Vaccinomics strategy for developing a unique multi-epitope monovalent vaccine against Marburg marburgvirus

Marburg virus is known to cause a severe hemorrhagic fever (MHF) in both humans and non-human primates with high degree of infectivity and lethality. To date no approved treatment is available for Marburg virus infection. A study was employed to design a novel chimeric subunit vaccine against Marburg virus by adopting reverse vaccinology approach. The entire viral proteome was retrieved from UniprotKB and assessed to design highly antigenic epitopes by antigenicity screening, transmembrane topology screening, allergenicity and toxicity assessment, population coverage analysis and molecular docking approach. Envelope glycoprotein (GP) and matrix protein (VP40) were identified as most antigenic viral proteins which generated a plethora of epitopes. The final vaccine was constructed by the combination of highly immunogenic epitopes along with suitable adjuvant and linkers. Physicochemical and secondary structure of the designed vaccine was assessed to ensure its thermostability, hydrophilicity, theoretical PI and structural behaviors. Disulfide engineering, molecular dynamic simulation and codon adaptation were further employed to develop a unique multi-epitope monovalent vaccine.
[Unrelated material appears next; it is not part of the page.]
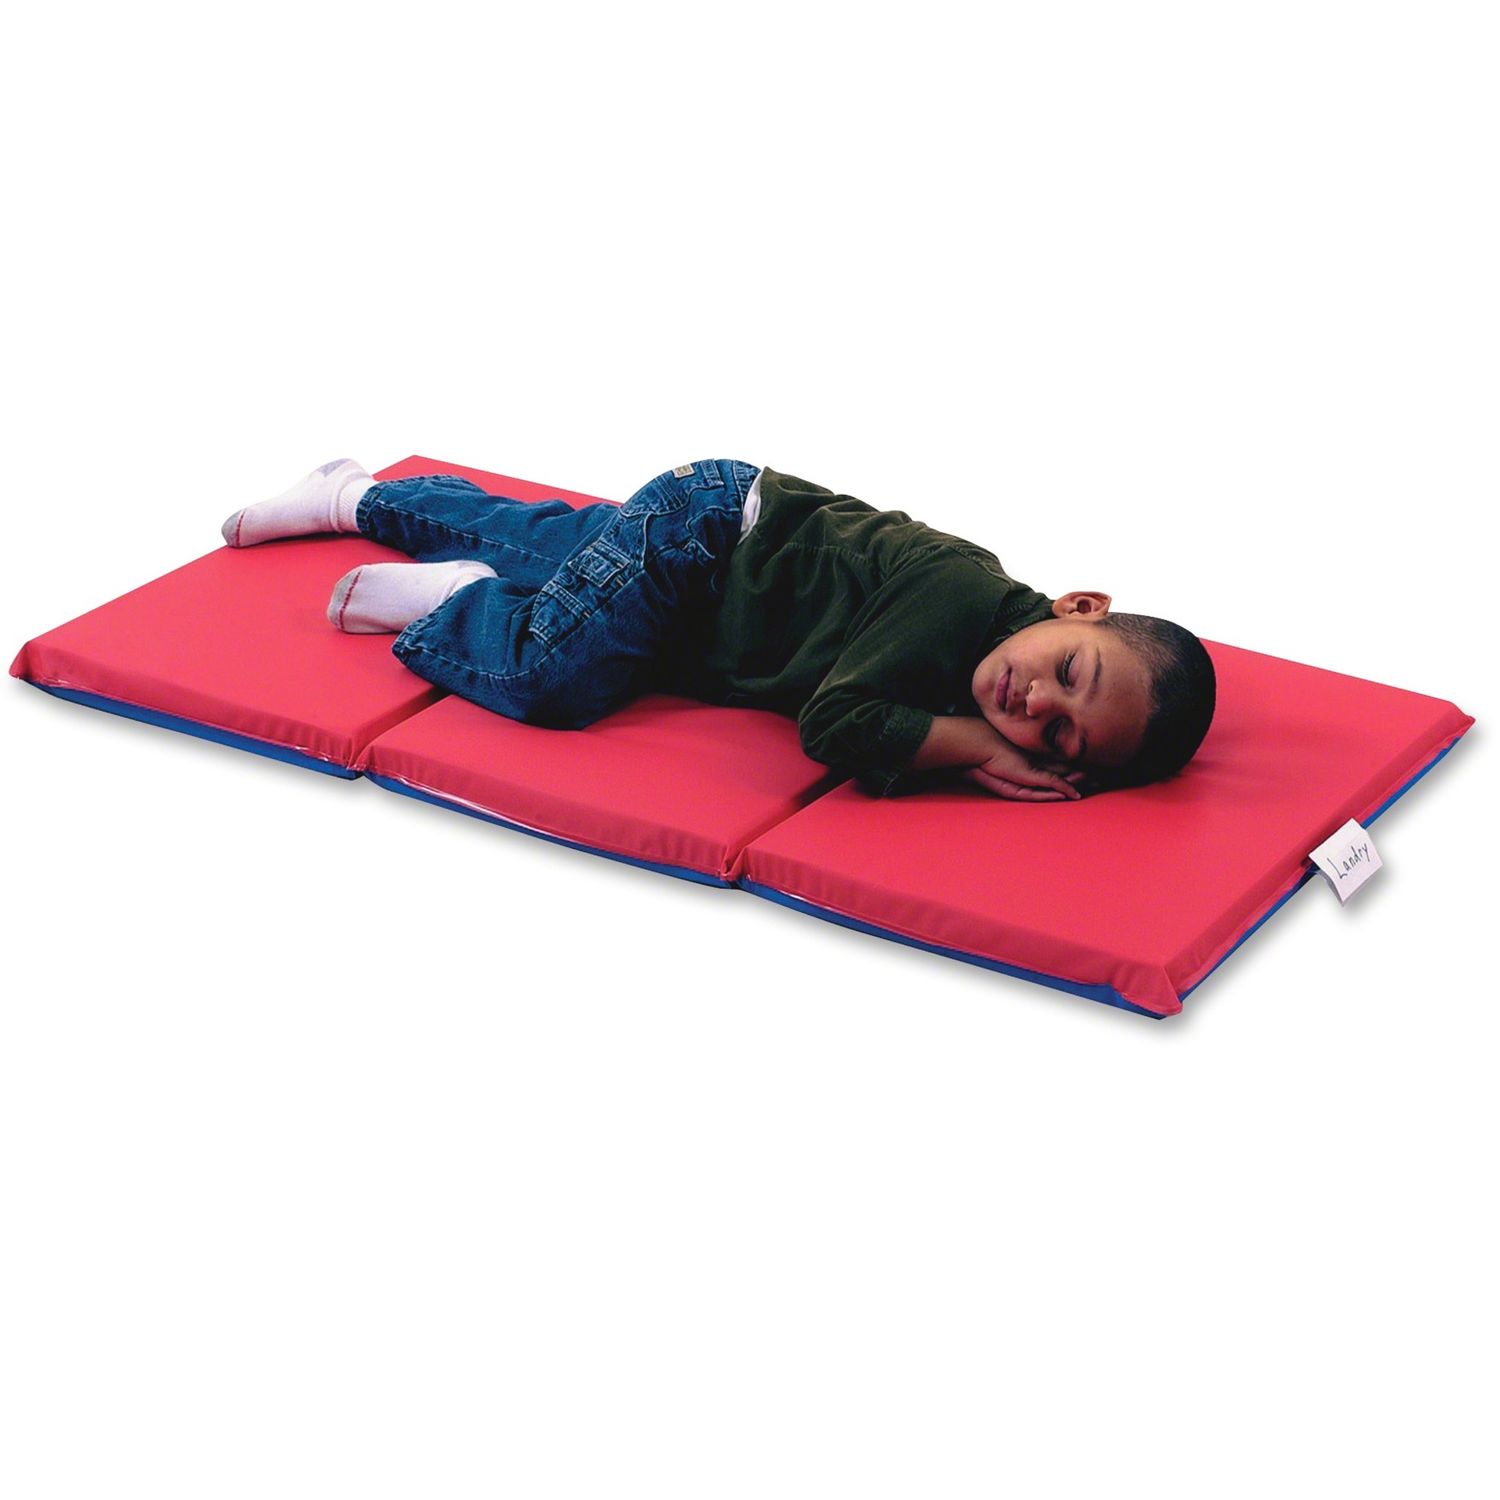 3-section Infection Control Mat 48" Length x 24" Width x 1" Thickness, Rectangle, Vinyl, Red, Blue

Docking analysis of the refined vaccine structure with different MHC molecules and human immune TLR8 receptor present on lymphocyte cells demonstrated higher interaction. Moreover, disulfide engineering served to lessen the high mobility region of the designed vaccine in order to extend its stability. Complexed structure of the modeled vaccine and TLR8 showed minimal deformability at molecular level. Finally, translational potency and microbial expression of the modeled vaccine was analyzed with pET28a(+) vector for E. coli strain K12. However, further in vitro and in vivo investigation could be implemented for the acceptance and validation of the predicted vaccine against Marburg virus.